**Work task**. Within the entries below, please retype exactly the lines starting with the line that has "Download wallpaper: wallpapers" and going on through the line that has "Aparatos ortopédicos en Tijuana", but not the pictures.

**The data**.
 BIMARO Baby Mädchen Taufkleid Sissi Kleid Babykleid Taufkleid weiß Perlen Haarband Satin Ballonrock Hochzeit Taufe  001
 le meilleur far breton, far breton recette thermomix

---

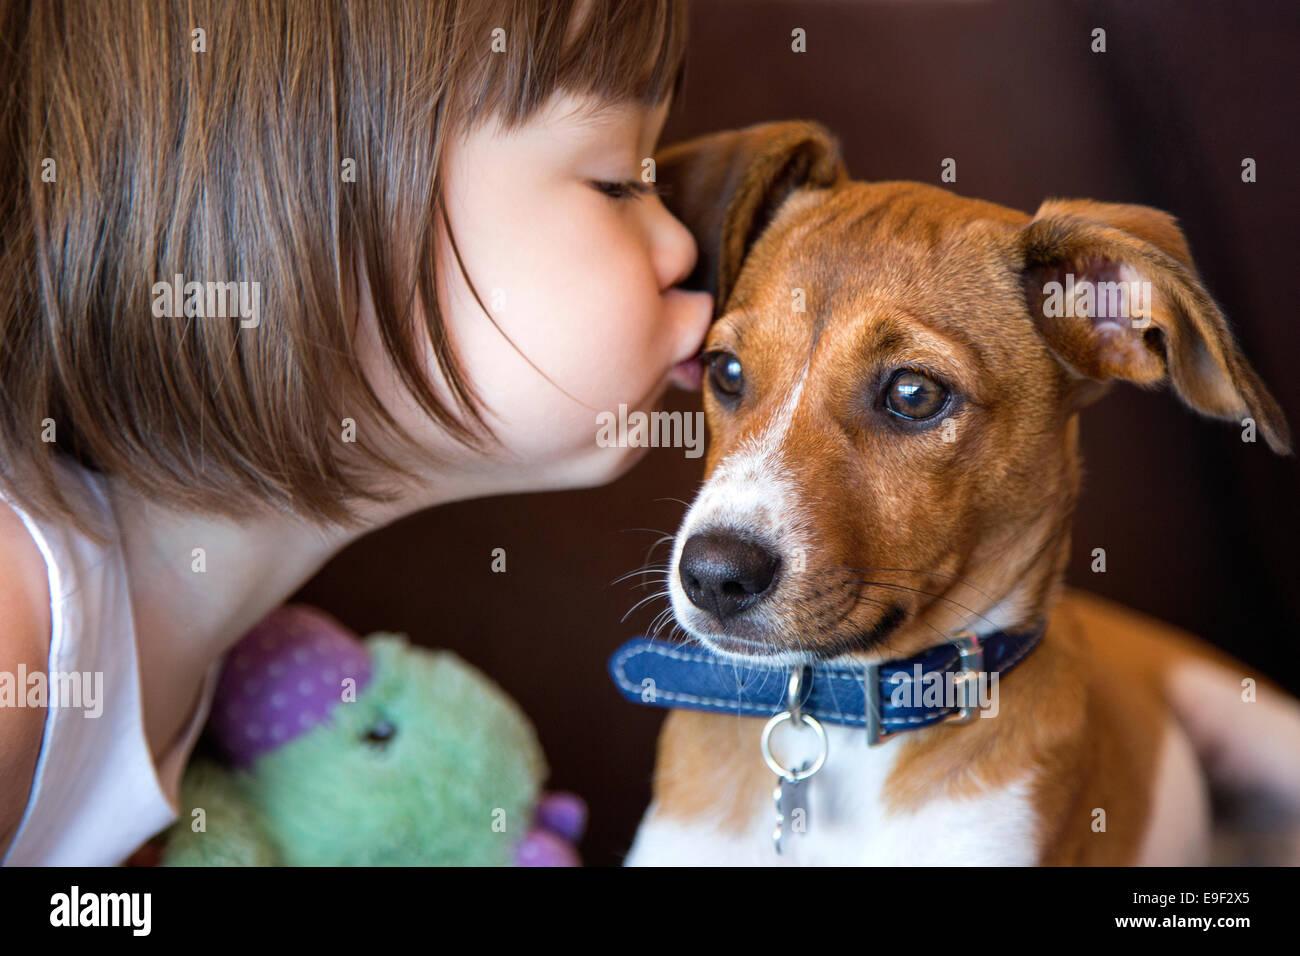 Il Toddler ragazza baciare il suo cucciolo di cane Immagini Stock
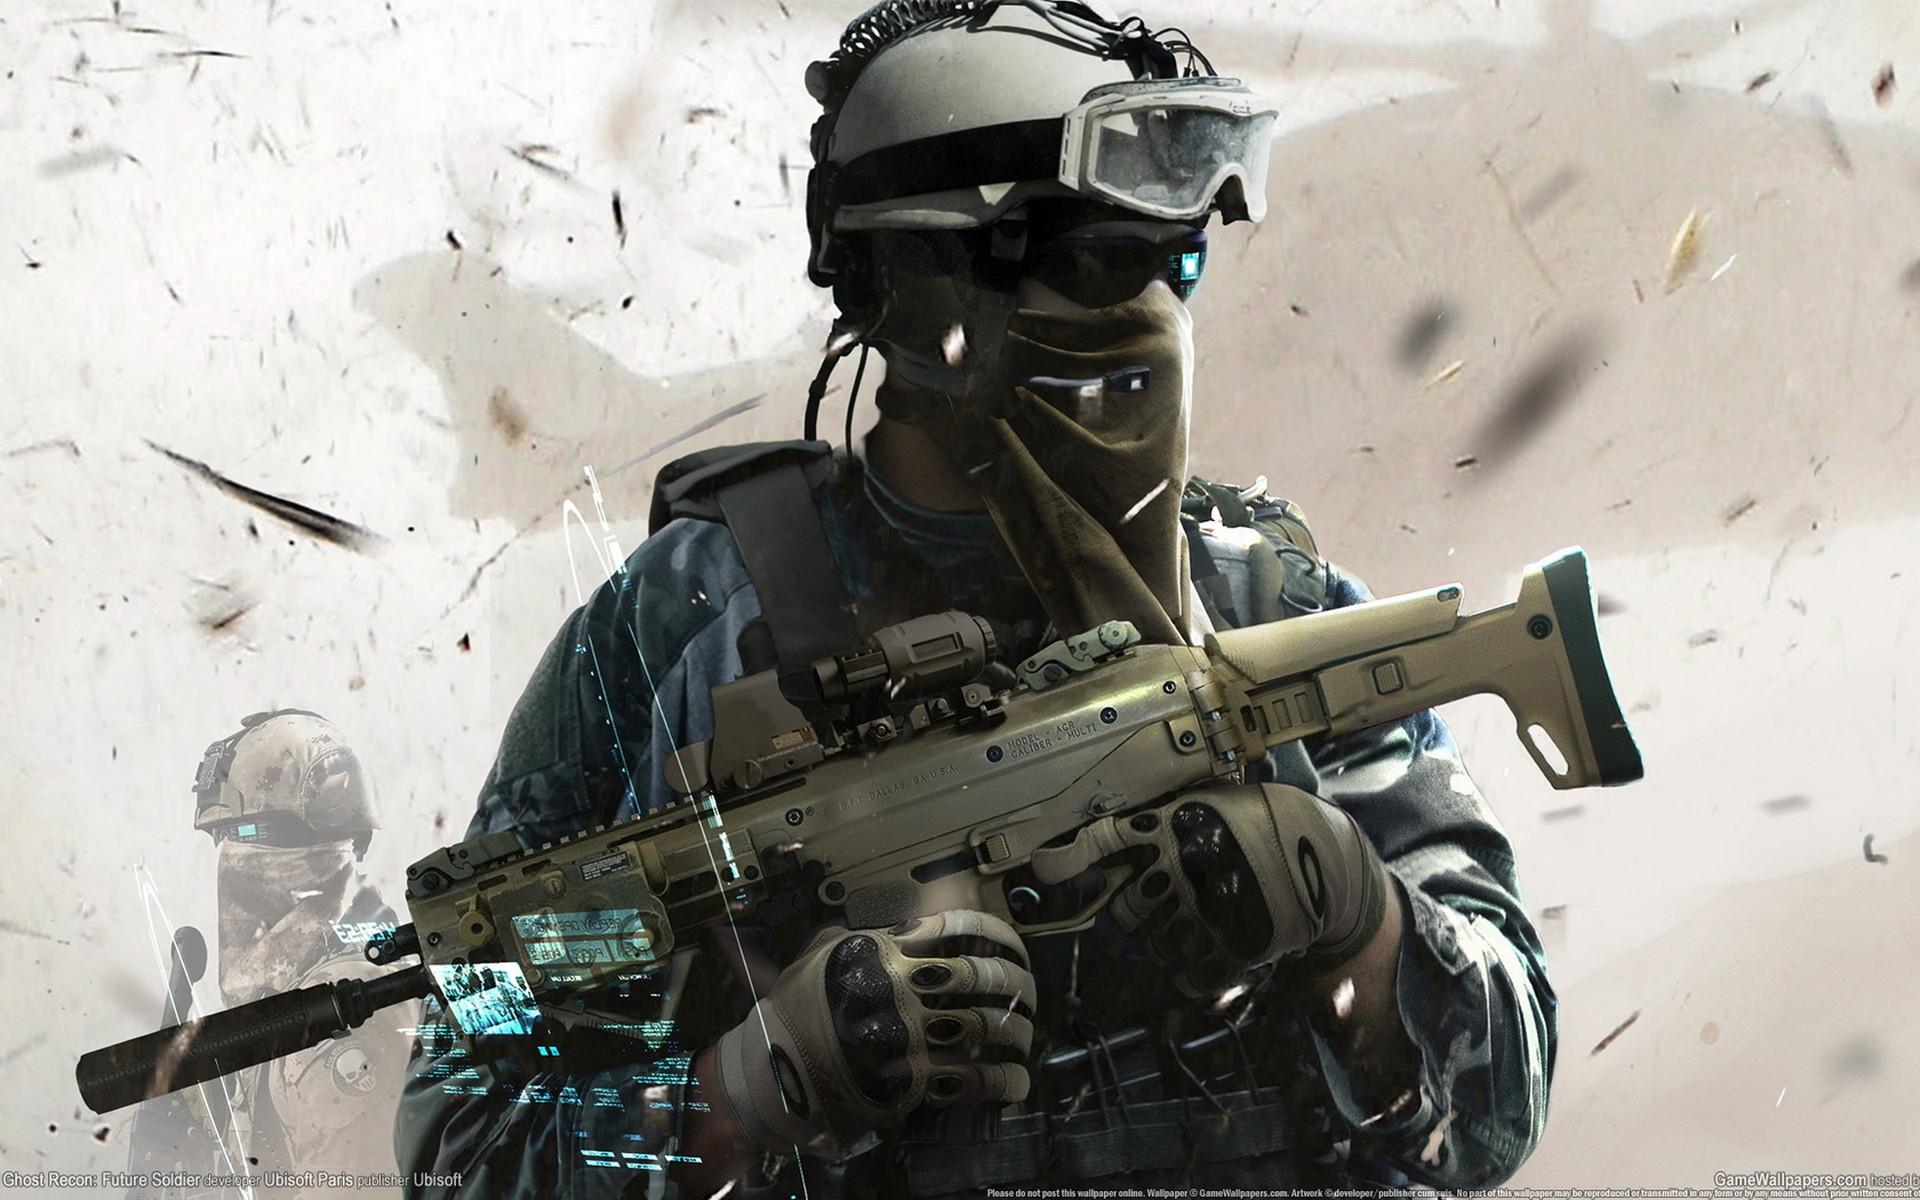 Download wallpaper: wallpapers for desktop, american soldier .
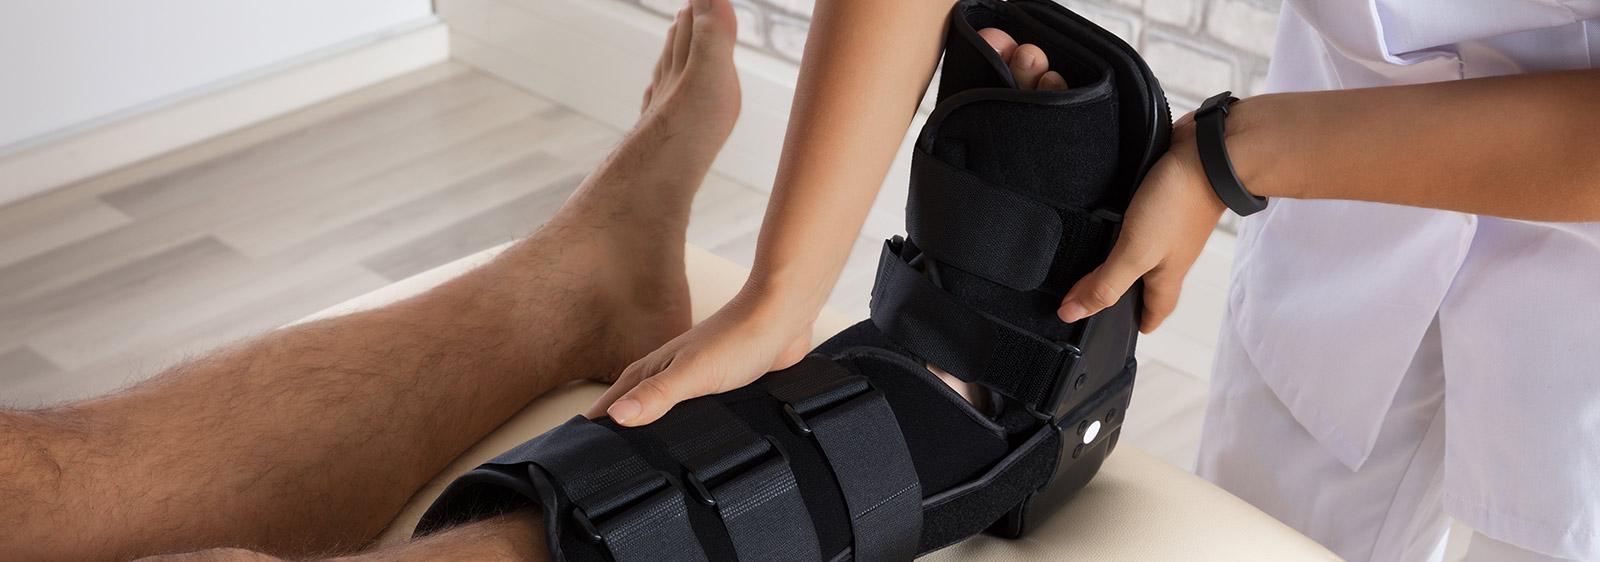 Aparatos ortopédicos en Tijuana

...

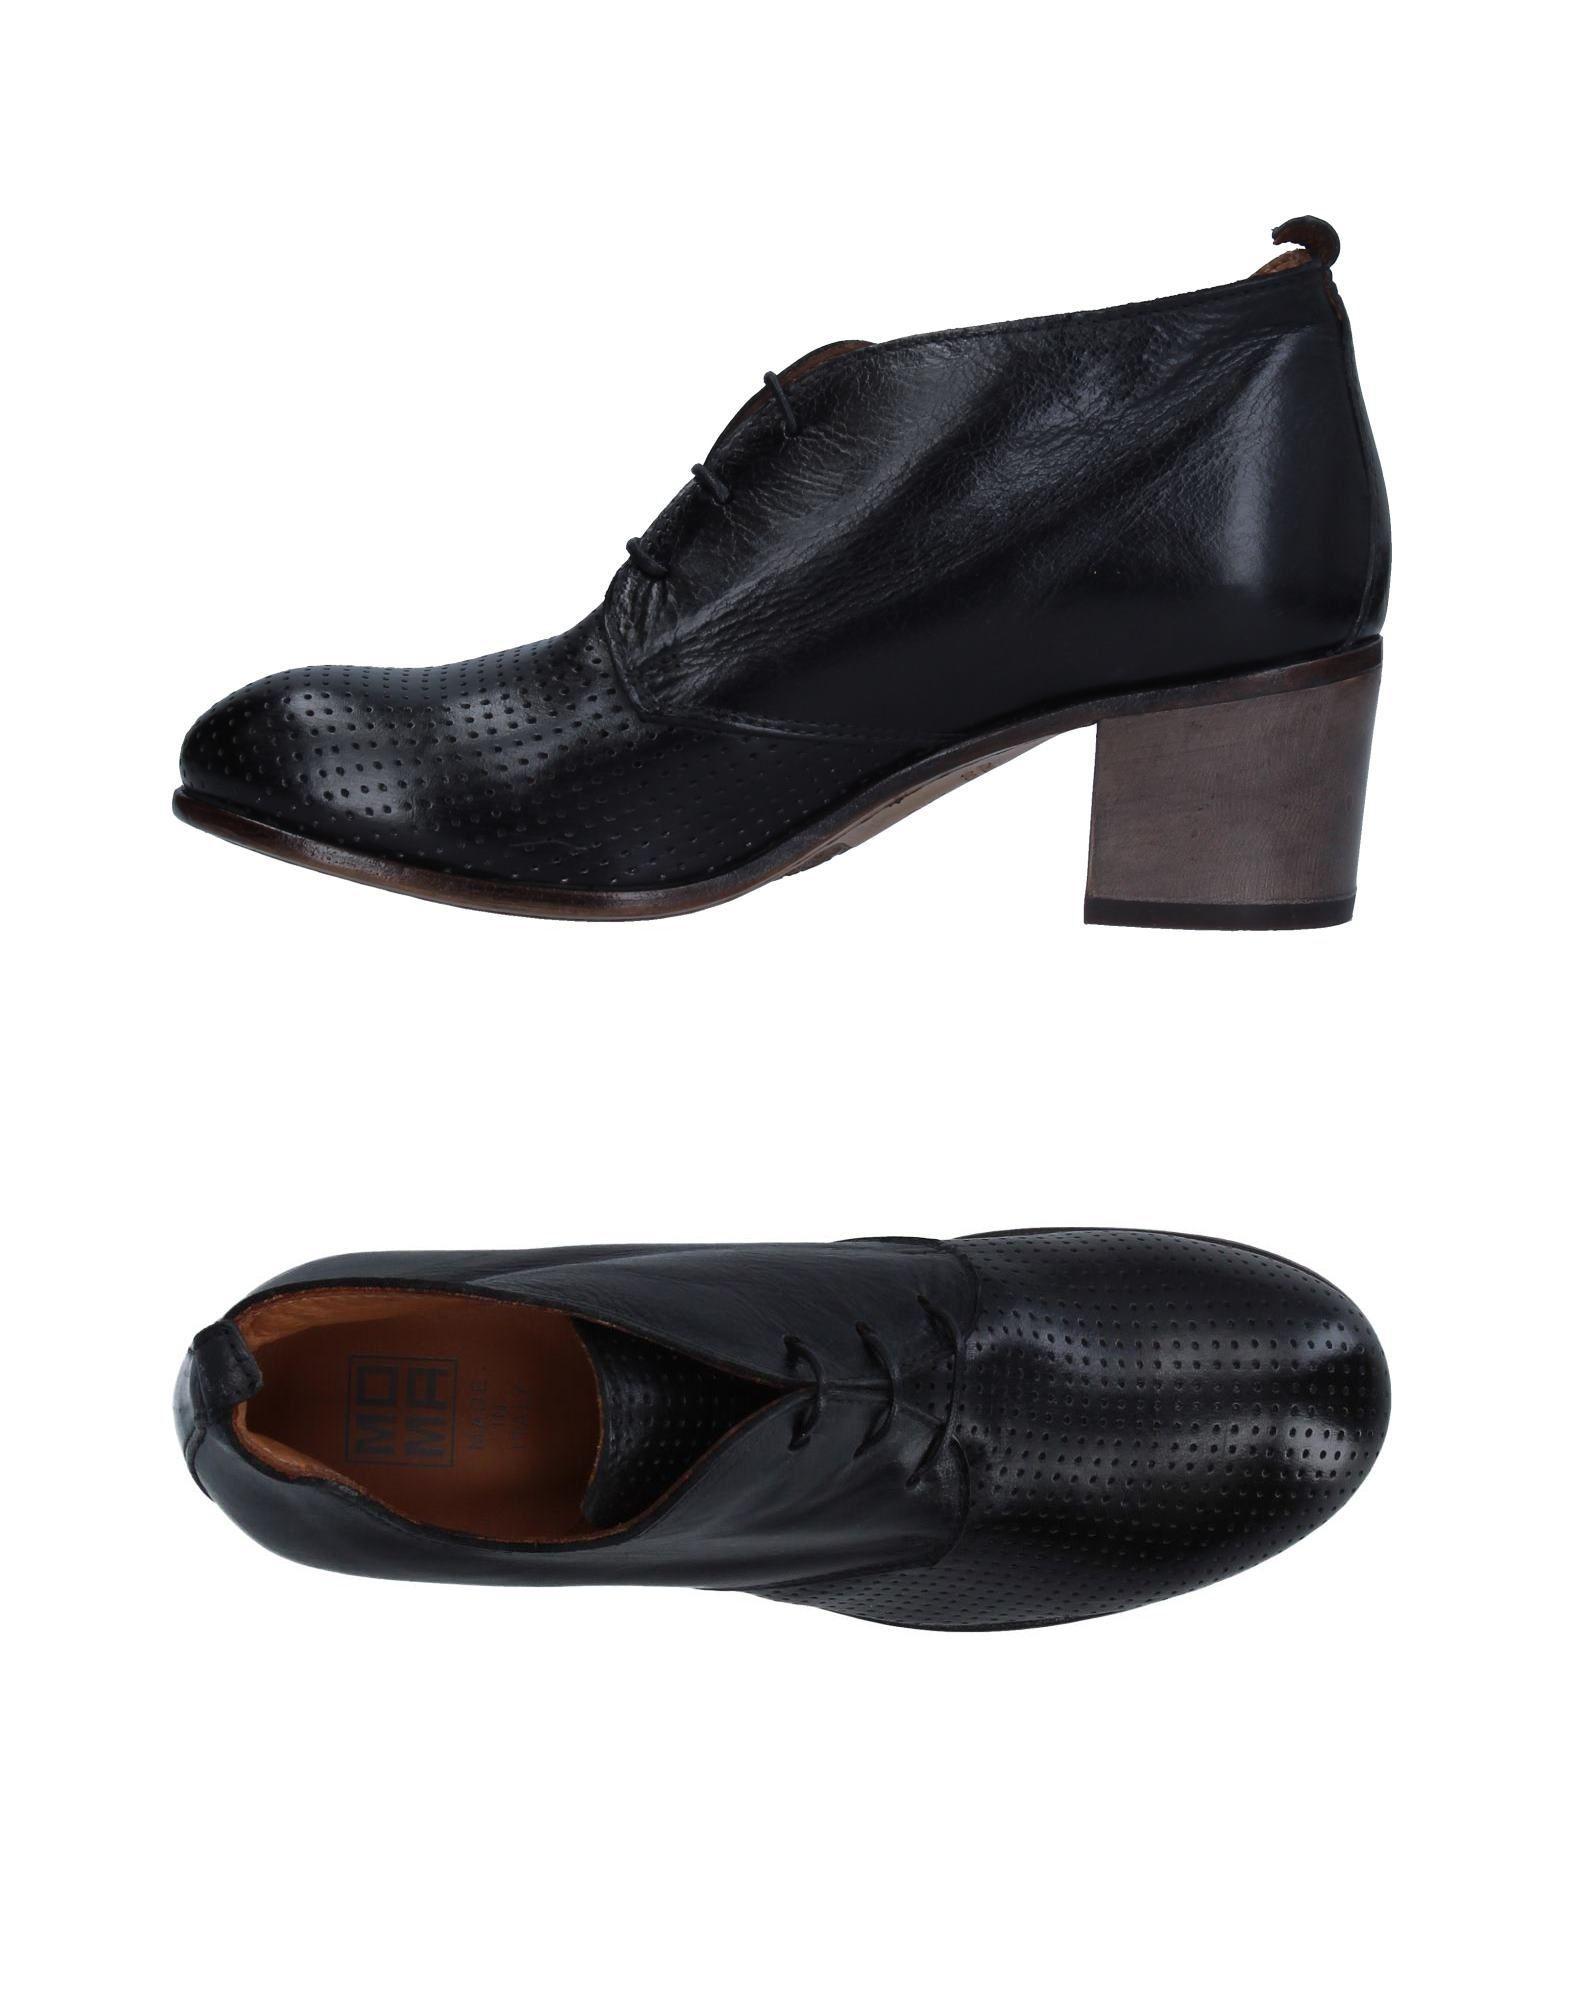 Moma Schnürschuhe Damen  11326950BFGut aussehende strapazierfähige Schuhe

**Problem solution**.
 Download wallpaper: wallpapers for desktop, american soldier .
 Aparatos ortopédicos en Tijuana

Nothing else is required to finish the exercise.